Greed? The UAW has extorted enough money from the automakers and their workers to be able to pay strikers for months and months to not work and not worry about it. I’d love to know how much is in the UAW coffers.
Not to mention there are plenty of employees in other fields who work way more physical labor for more hours a day (twelve) and don’t get retirement benefits or the many other benefits the autoworkers get (and the ones they were offered), have to deal with seasonal unemployment, etc. including people who are single parents without the help of the other parent in the children’s lives. If UAW employees want upper-management pay, they should become upper-management employees. Sounds like they think CEOs don’t do anything but eat bon-bons when they’re this jealous of other people’s jobs and abilities. And they don’t understand the money is being put into the EVs the government is forcing upon everyone, among other things. UAW are greedy, led by a greedy narcissist out to make a name for himself.
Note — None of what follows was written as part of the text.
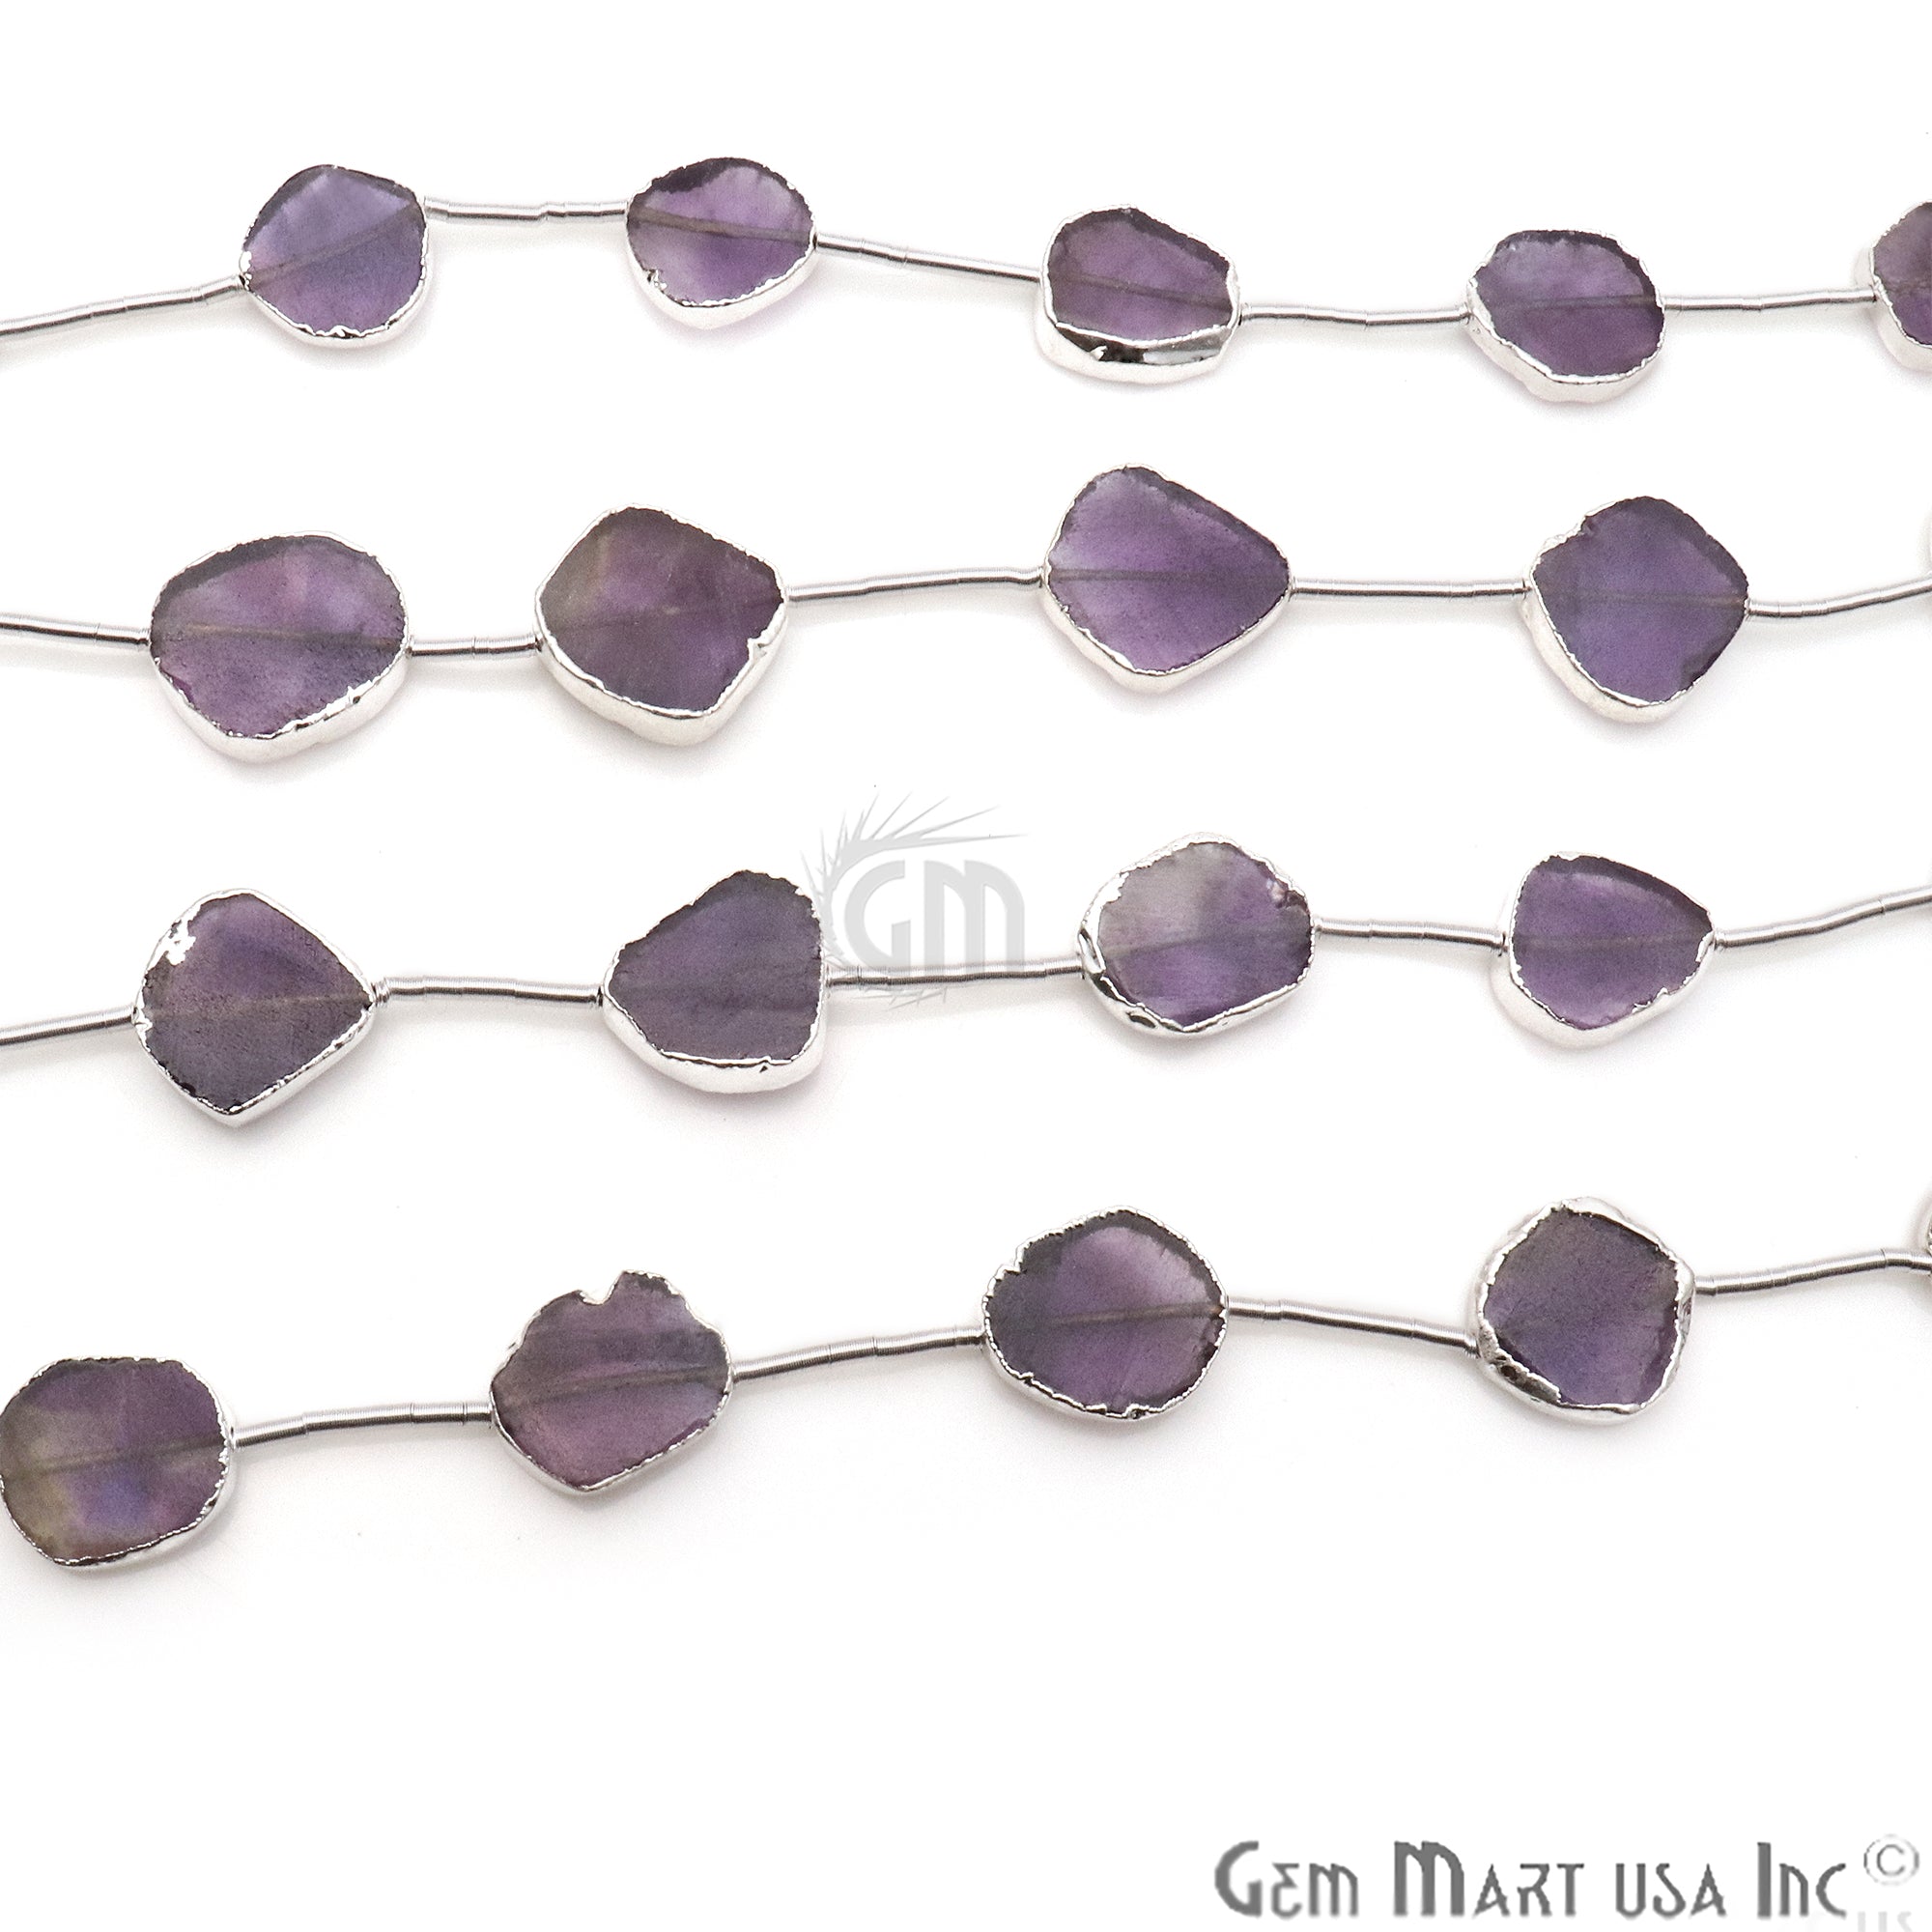 Amethyst Free Form 18x15mm Silver Edged Crafting Beads Gemstone Strands 9INCH - GemMartUSA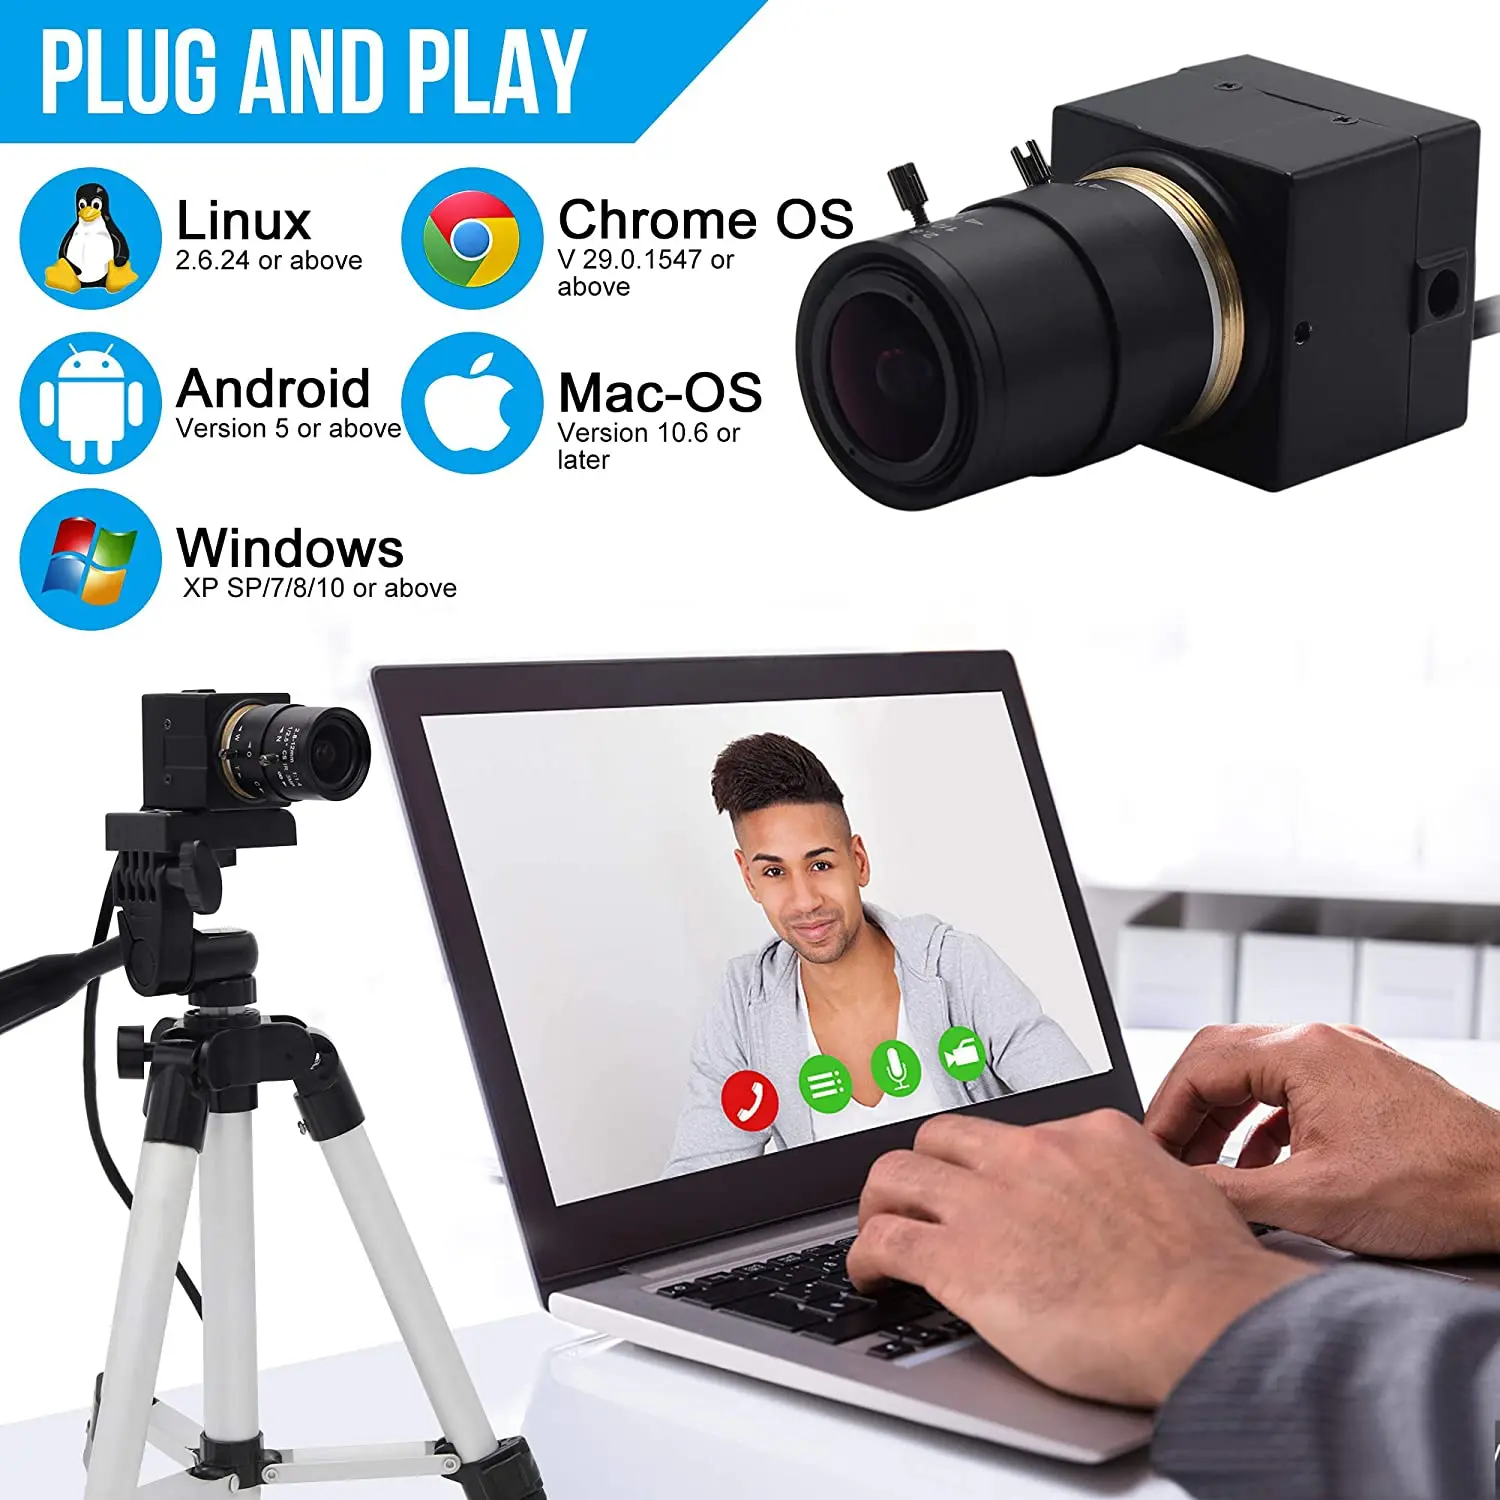 ELP 1.3MP С Низкой Освещенностью 960P USB-Камера OTG С Переменным Фокусным Расстоянием 2.8-12mm Объектив 1280X960 1/3 Дюйма AR0130 Zoom Веб-Камера с Мини-Корпусом3

gm, Ford and the UAW have nobody but themselves to blame for the EV mandates. The UAW always supports the person with the “-D” behind their names, and the execs are no better. gm and Ford management have been kissing Bidnen’s and Newsome’s behind realizing that clueless, woke, virtue signaling career politicians like these are what is destroying American industry.
@Greed Shawn can come out of this strike looking like a hero or a zero.
850 million.
In this country the UAW has the right to strike for whatever they want and for as long as they want without outside interference (government). Likewise, the automakers have the right to hold out as long as they want to as well for what want. That’s the basic definition of collective bargaining. It’s a delicate balancing act because the union holds the better short game cards but company has better long game cards. As long as national security interests are not harmed, everyone else should stand down and mind their own business.
Well said! We can start with all the whiners who never worked a day on a Big 3 assembly line, but can tell you exactly how little amount of manual labor is being done on one daily because they “read it on the internet”.
We all know who the whiners are. It’s low skill labor demanding high skill pay. Mix with UAW corruption it’s like a kindergarten class running the school.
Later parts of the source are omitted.